Gold Jumps as ECB Front-Runs the Fed, Lends Near-Half Trillion Euros at 1.0%
THE PRICE O GOLD leapt overnight and early Wednesday, recovering all and more of this week's losses at $938 an ounce as world stock markets ticked higher but crude oil slipped for the second day running.
US Treasury bond prices also drifted as the US Dollar Index held flat ahead of today's interest-rate announcement from the Federal Reserve, widely expected to reaffirm its commitment to Quantitative Easing and 0% interest rates.
The world's No.1 reserve currency rose however against its main competitor, the Euro, after the European Central Bank pumped a record €442 billion ($618bn) into the region's banks, offering unlimited loans for 12 months at the current policy rate of just 1%.
French, German and Italian investors saw the Gold Price in Euros bounce sharply from its lowest level since April 6th at €655 an ounce.
For British investors now Ready to Buy Gold the price recovered last Friday's close after hitting its lowest London Fix since Jan. 9th at £560.47.
"Across all of the metals, there appears to be a battle emerging between short-term players anticipating a weaker summer period and participants willing to look at the longer-term picture and seeing value at current price levels," says today's Commodities Daily from Standard Bank.
Gold Bullion, however, "has lost momentum" in the short term reckons Walter de Wet. "Should the Fed not produce any major surprises, selling gold into rallies would be our preferred strategy.
"The forces behind a push for higher Gold Prices are being offset by those favouring lower prices," agrees the latest Fortis Bank Metals Monthly from VM Group in London.

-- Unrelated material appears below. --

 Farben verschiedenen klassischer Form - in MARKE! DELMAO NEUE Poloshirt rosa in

"In such a scenario, the exchange-rate fluctuations account for most of the [Dollar] price moves - a situation we expect to persist for some time to come. When little else is going on, gold inversely follows the dollar quite closely, but more pronouncedly."

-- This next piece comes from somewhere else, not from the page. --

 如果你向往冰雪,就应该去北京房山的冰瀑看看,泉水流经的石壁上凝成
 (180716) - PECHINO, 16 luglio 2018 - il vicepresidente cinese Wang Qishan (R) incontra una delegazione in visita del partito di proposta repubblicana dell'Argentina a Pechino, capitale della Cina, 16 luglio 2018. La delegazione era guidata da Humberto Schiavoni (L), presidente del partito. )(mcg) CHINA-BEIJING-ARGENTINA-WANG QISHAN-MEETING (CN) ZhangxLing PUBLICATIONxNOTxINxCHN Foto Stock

VM's analysts believe "the next major event in the gold market" will be the renewal in Sept. of the Central Bank Gold Agreement (CBGA), plus further details of the IMF Gold Sales effectively approved by US law-makers, thus giving their casting vote in such decisions at the International Monetary Fund.
"With only a little over three months to go in the current CBGA," they add, "it is likely the IMF will be the lynchpin of a new agreement."
New data out Tuesday showed that Eurozone gold reserves shrank by €20 million last week due to a sale by one member bank.
Despite selling well over 2,500 tonnes of gold since the first Central Bank Gold Agreement was signed in Sept. 1999, Europe's central-bank gold reserves have more than doubled in value, rising 12% per year on average from a low of €250 an ounce.
In a speech marking the Ifo think-tank's 60th anniversary on Tuesday, "An early withdrawal [of monetary stimulus] must be avoided," said ECB member Axel Weber of the German Bundesbank.
"We have to be ready to withdraw liquidity gradually [but] today we have no need to start or even to prepare for an imminent start to that operation," agreed fellow ECB member Christian Noyer of the Banque de France at a press conference in Paris.
News of today's extraordinary banking loans sent the Euro sharply lower on the forex market, down to a new low for 2009 vs. the Pound and 1.5 cents lower to $1.4010vs. the Dollar.
Now used by 350 million people across the 16-nation Eurozone, the currency had previously regained half of last year's 25% loss against the Dollar. The stronger currency has helped push price-inflation lower still in Germany, down towards 0%, as the economy suffers its worst contraction since World War II.
Today the Organization for Economic Cooperation and Development in Paris halved its expected loss in the US economy for 2009 and forecast an upturn in 2010. But the OECD worsened its forecast for the Eurozone to a 4.8% contraction.
"Withdrawing stimulus too early could jeopardize the weak recovery," warned OECD chief economist Jorgen Elmeskov, adding that structural long-lasting unemployment in the Eurozone will rise by two percentage as a result of the recession sparked by the financial crisis.
Calling it perhaps "a reason to be cheerful" last week, UK policy-maker Paul Tucker of the Bank of England noted that "the substantial depreciation of the exchange rate during 2008 should support UK exports and inhibit the demand for imports" - a point also noted by governor Mervyn King as the Bank slashed its key lending rate to 0.5%, higher than the Federal Reserve but just half that of the current ECB stance.